What this tells me is that chelation will take a long time. Also, what is interesting is that in the last decade they are discovering new mutations for iron loading. We do not know who all is at risk, one because they do not test people properly, serum ferritin is not a very standard test yet (I had to ask my doctor to run this, and then he said that I could not have a problem with iron because the hemoglobin was always normal... this is totally false hemoglobin is always normal in hemochromatosis!) My doctor is Irish of all things, and he didn't even know about how common hemochromatosis is the Irish. In fact, he said "well I'm Irish, I would know about it!"
This woman's story flattened me with awe. She dedicated her life to educating the medical profession and the lay public about the ravages of hemochromatosis, living on a shoestring to do so. I suspect that MS is a iron loading condition, and I am going to press for DNA testing to see if I am a heterozygote. Marie Warder says in Darwinian language, that when iron was hard to get in the diet way back when, it meant survival to have the ability to absorb more iron in your diet.

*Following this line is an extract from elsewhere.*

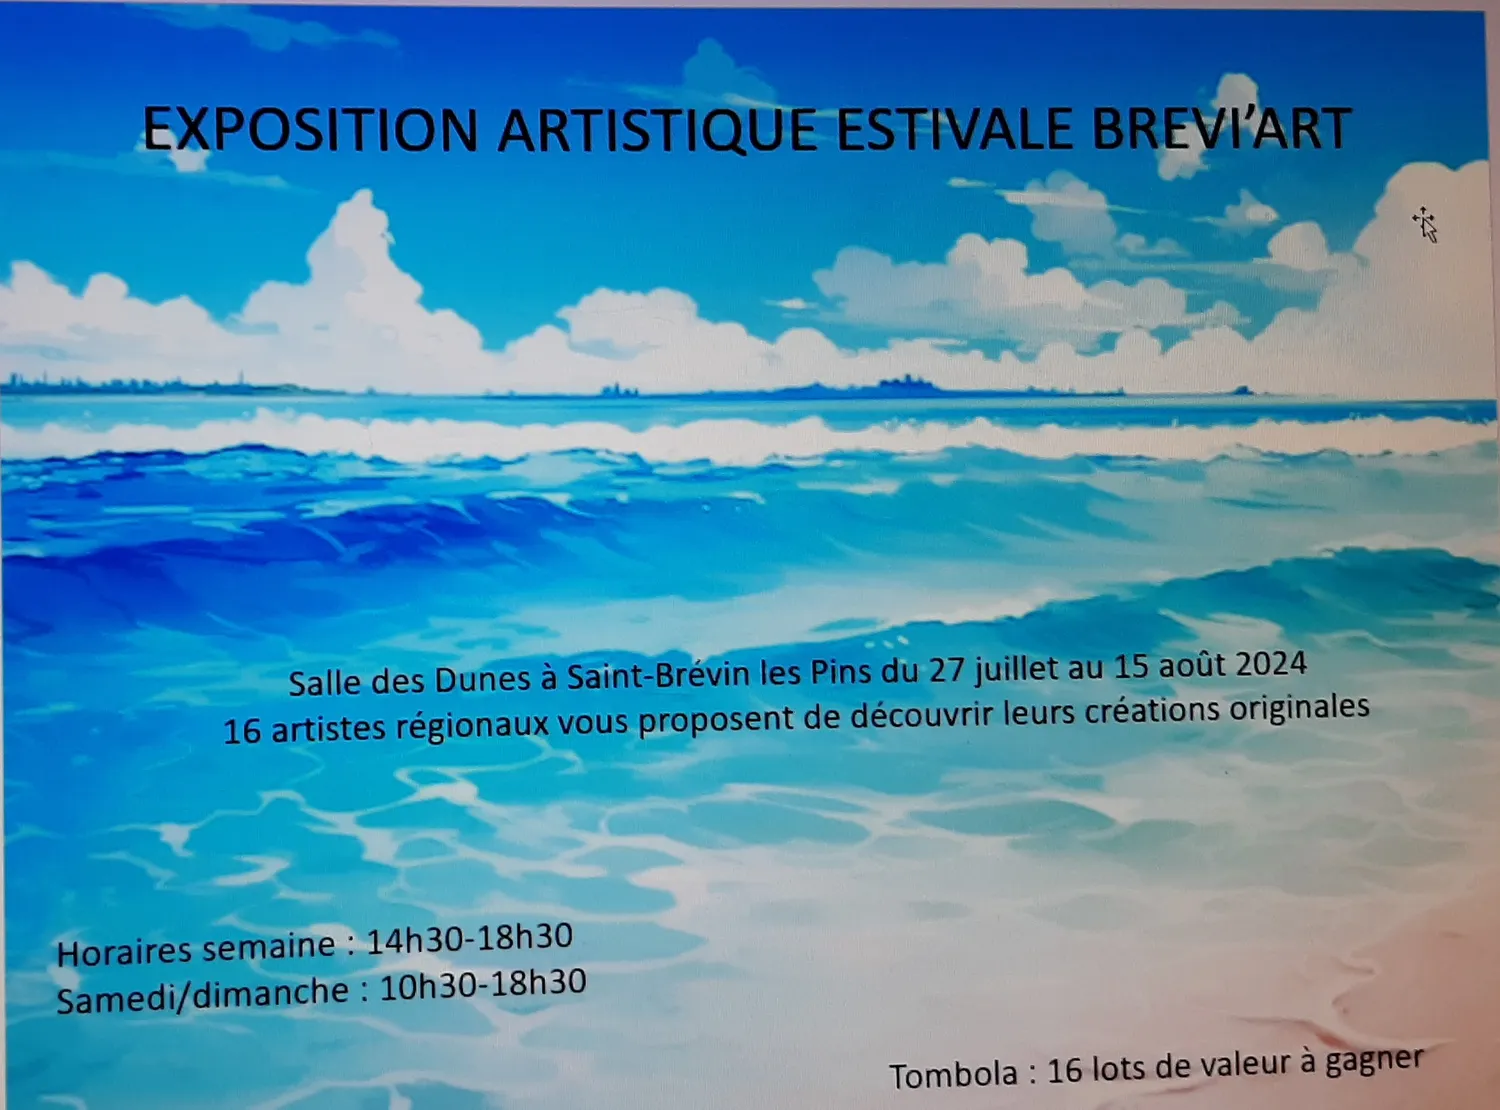 Image qui illustre: Exposition Artistique Estivale Brevi'art à Saint-Brevin-les-Pins - 2

But now, especially because they are adding iron to absolutely everything, it is a dangerous dangerous mutation. Just reading this book made me want to join the campaign to get nutritionists to demand that they stop iron addition to absolutely everything like white flour. Nobody needs that much iron! Some products that are already made with white flour, are then "enriched" with even more iron. And I am as guilty as sin. For some stupid reason, despite studying nutrition and heavy metals, I have believed that the more iron the better. Thank you Marie Warder for opening my eyes. This woman was absolutely brilliant.
http://blogcritics.org/scitech/article/ ... is/page-2/
One possible involvement I had steered clear of was that of esophageal varices or enlarged veins in the throat. To me this was just too horrible to contemplate. I now consider that I erred in this omission from my booklet, for I now believe that to have shrunk from all mention of this complication was sheer cowardice. Could this have been simply another manifestation of my never-failing inclination towards euphemism? Since the time when one of my earliest correspondents had described to me her husband’s death as the result of a massive hemorrhage, I had added to my files several accounts that were similar. If I had written about them, I might have done much good.
In general the word “varices” refers to distended veins (from "varix," a word derived from the Latin word for “twisted”).